The Court finds that Manpower has not met its burden to show that the new claim is moot, as Willner has submitted evidence showing that she has not cashed the check and therefore has not accepted Manpower's settlement offer with respect to that claim. Supp. Jaramillo Deck ¶ 5.

Accordingly, this factor weighs in favor of granting leave to amend.

D. Undue Delay

Manpower's strongest argument is that Willner has unduly delayed in seeking amendment. Manpower contends that Willner was aware of the factual and legal bases for the new claim since the outset of the litigation, as she has always known the date on which she was terminated and the date on which she was supposed to receive her last paycheck. Opp'n at 1.

Willner responds in her reply that she did not unduly delay in seeking amendment because she did not determine that her new claim is justified until Manpower produced certain documents "substantiating" the new claim on June 18, 2012. Reply at 1.

These documents show the dates on which Manpower mailed final payments to Willner after her termination. See Supp. Jaramillo Decl., Ex. 1.

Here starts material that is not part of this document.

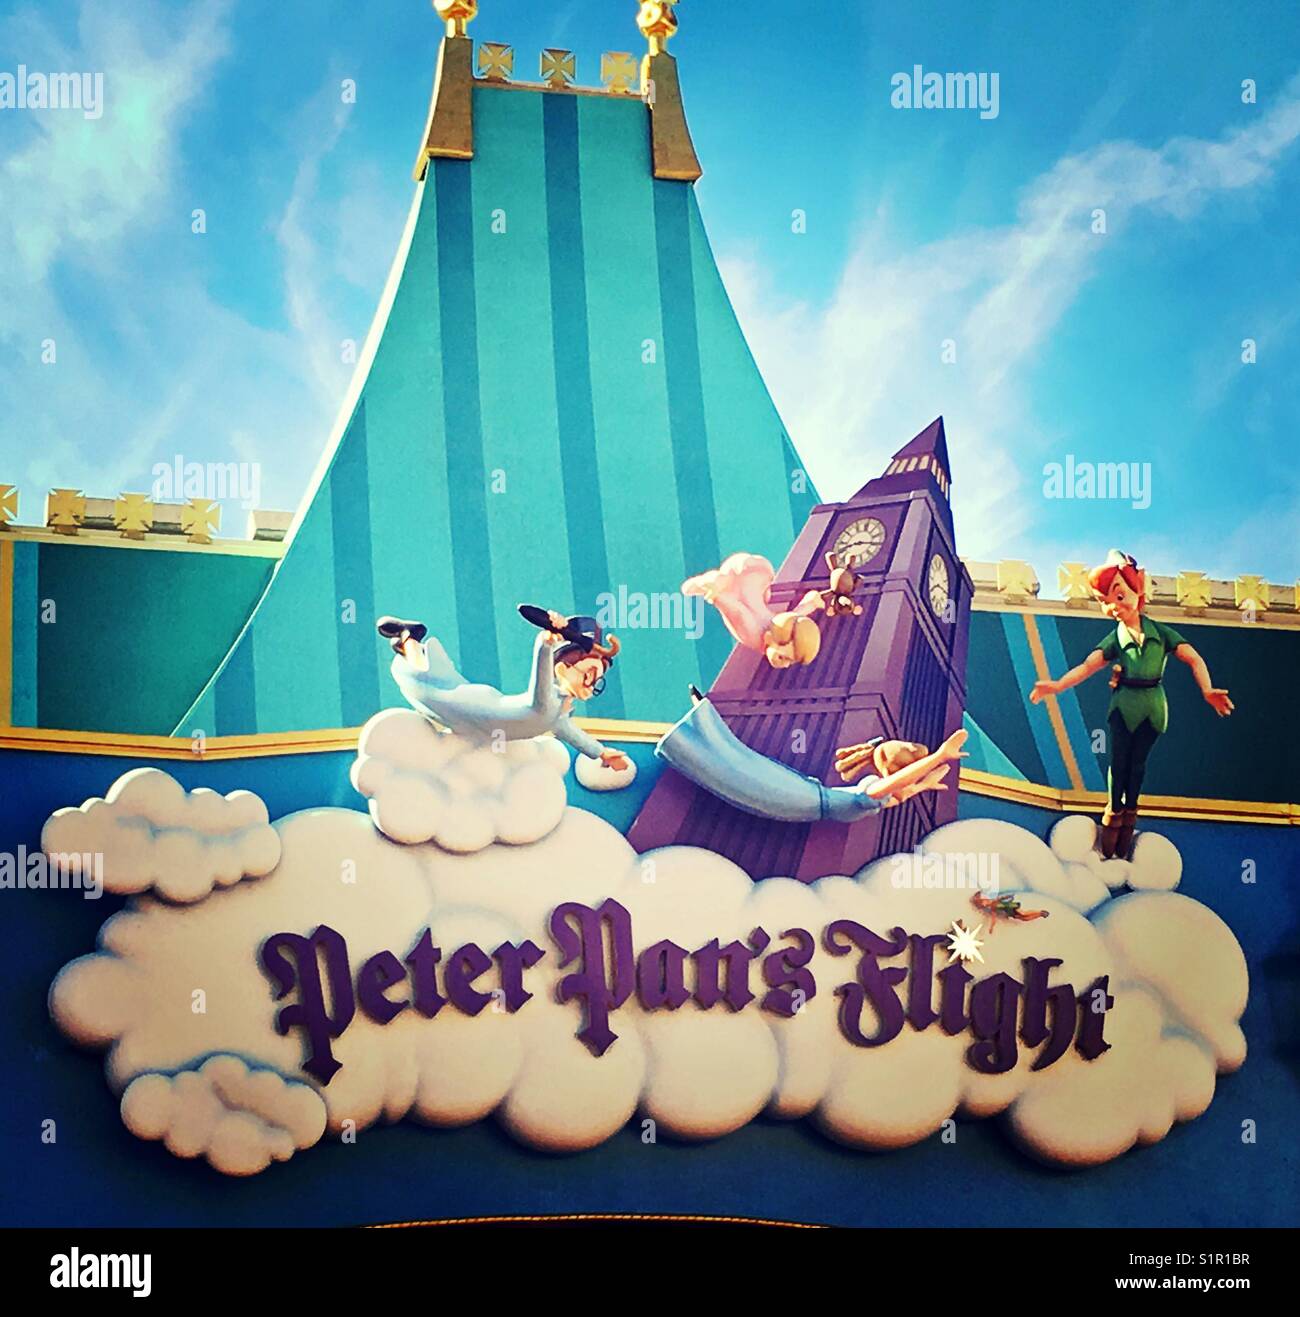 Peter Pan S Flight Stock Photo Alamy

Manpower objects to this reply argument and supporting facts, arguing that they constitute "new evidence" within the meaning of Civil Local Rule 7-3(d) and therefore are impermissible in a reply. See Civil L.R. 7-3(d) ("If new evidence has been submitted in the reply, the opposing party may file and serve an Objection to Reply Evidence, which may not exceed 5 pages of text, stating its objections to the new evidence, which may not include further argument on the motion. ").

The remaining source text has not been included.